Logz.io User interface is not accessible
Incident Report for logz.io
Postmortem

At 17:25 UTC, during a puppet module upgrade to one of the puppet modules, a wrongful configuration was applied to the new module. As a result, some critical kubernetes supporting services received the new configuration, restarted and failed to start. This caused some of the kubernetes pods to fail which caused a downtime of the Logz.io front-end application as well as a few other supporting mico-services.

The oncall team immediately escalated the issue across SRE and R&D teams which applied a new configuration and restarted the relevant pods.

At 17:54 UTC, the system was back up.

The issue was caused by a wrongful misconfiguration done by one of the engineers. The wrong configuration was performed in one of the puppet modules which led to a series of events which resulted in losing several Kubernetes pods

Immediate - A stricter pull request is applied immediately to all puppet configurations - Increase the availability level of several critical services such as etcd and others - Roll out docker changes slower in a small environment

Longer term

  • Improve monitoring across the different components to discover health issues earlier
  • Make changes to the relevant staging environment to make sure it completely aligned with production environment so these issues can be discovered earlier in the process.
Posted Dec 09, 2017 - 20:15 IST

Resolved
All components are fully functional.
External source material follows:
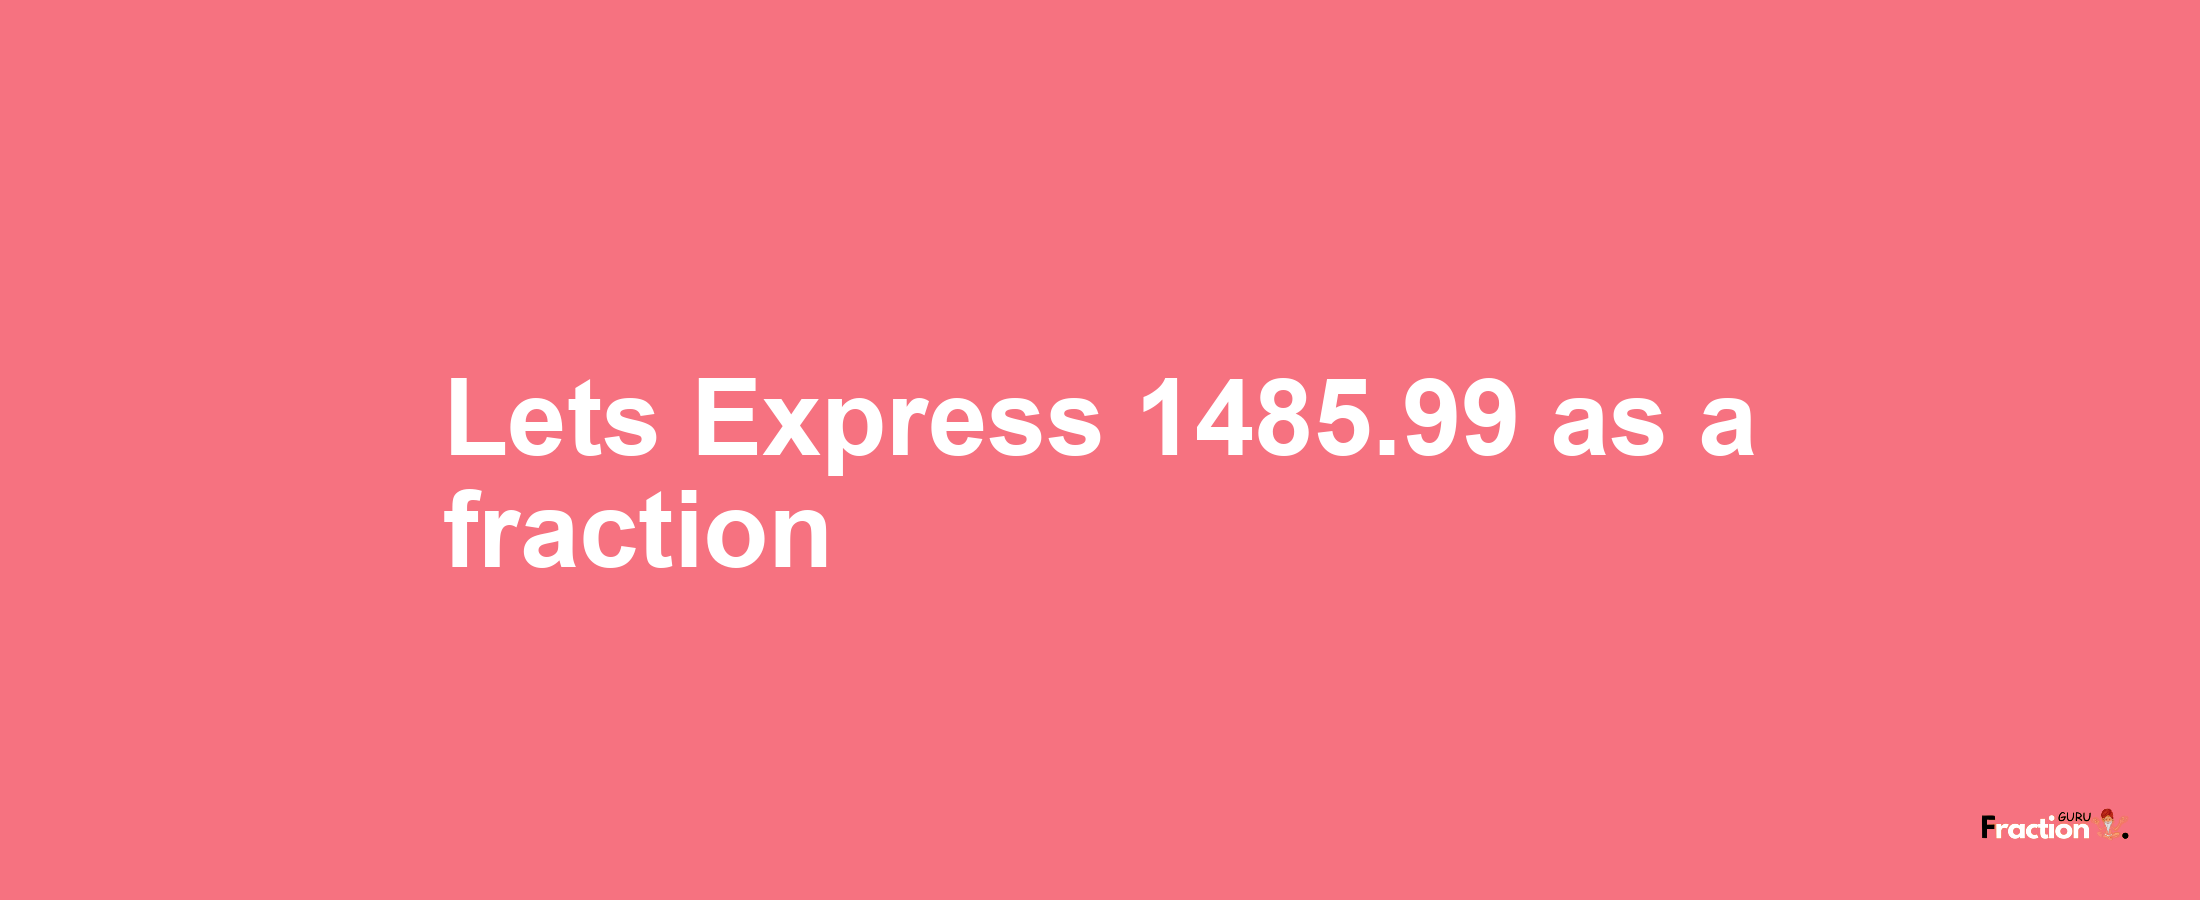 Lets Express 1485.99 as afraction

No logs have been lost
Posted Dec 06, 2017 - 20:05 IST
Monitoring
We've applied a fix and the UI is now accessible.
We're still monitoring the system to make sure everything is functioning as expected
Posted Dec 06, 2017 - 19:54 IST
Identified
The issue has been identified and we're applying a fix.
Posted Dec 06, 2017 - 19:41 IST
Update
We're still investigating an issue with the Logz.io user interface which is not accessible. We expect this problem to be resolved shortly.
Posted Dec 06, 2017 - 19:34 IST
Investigating
We are currently investigating an issue in the presentation layer (Kibana). Logs are being processed correctly. We will update as soon as possible.
Posted Dec 06, 2017 - 19:29 IST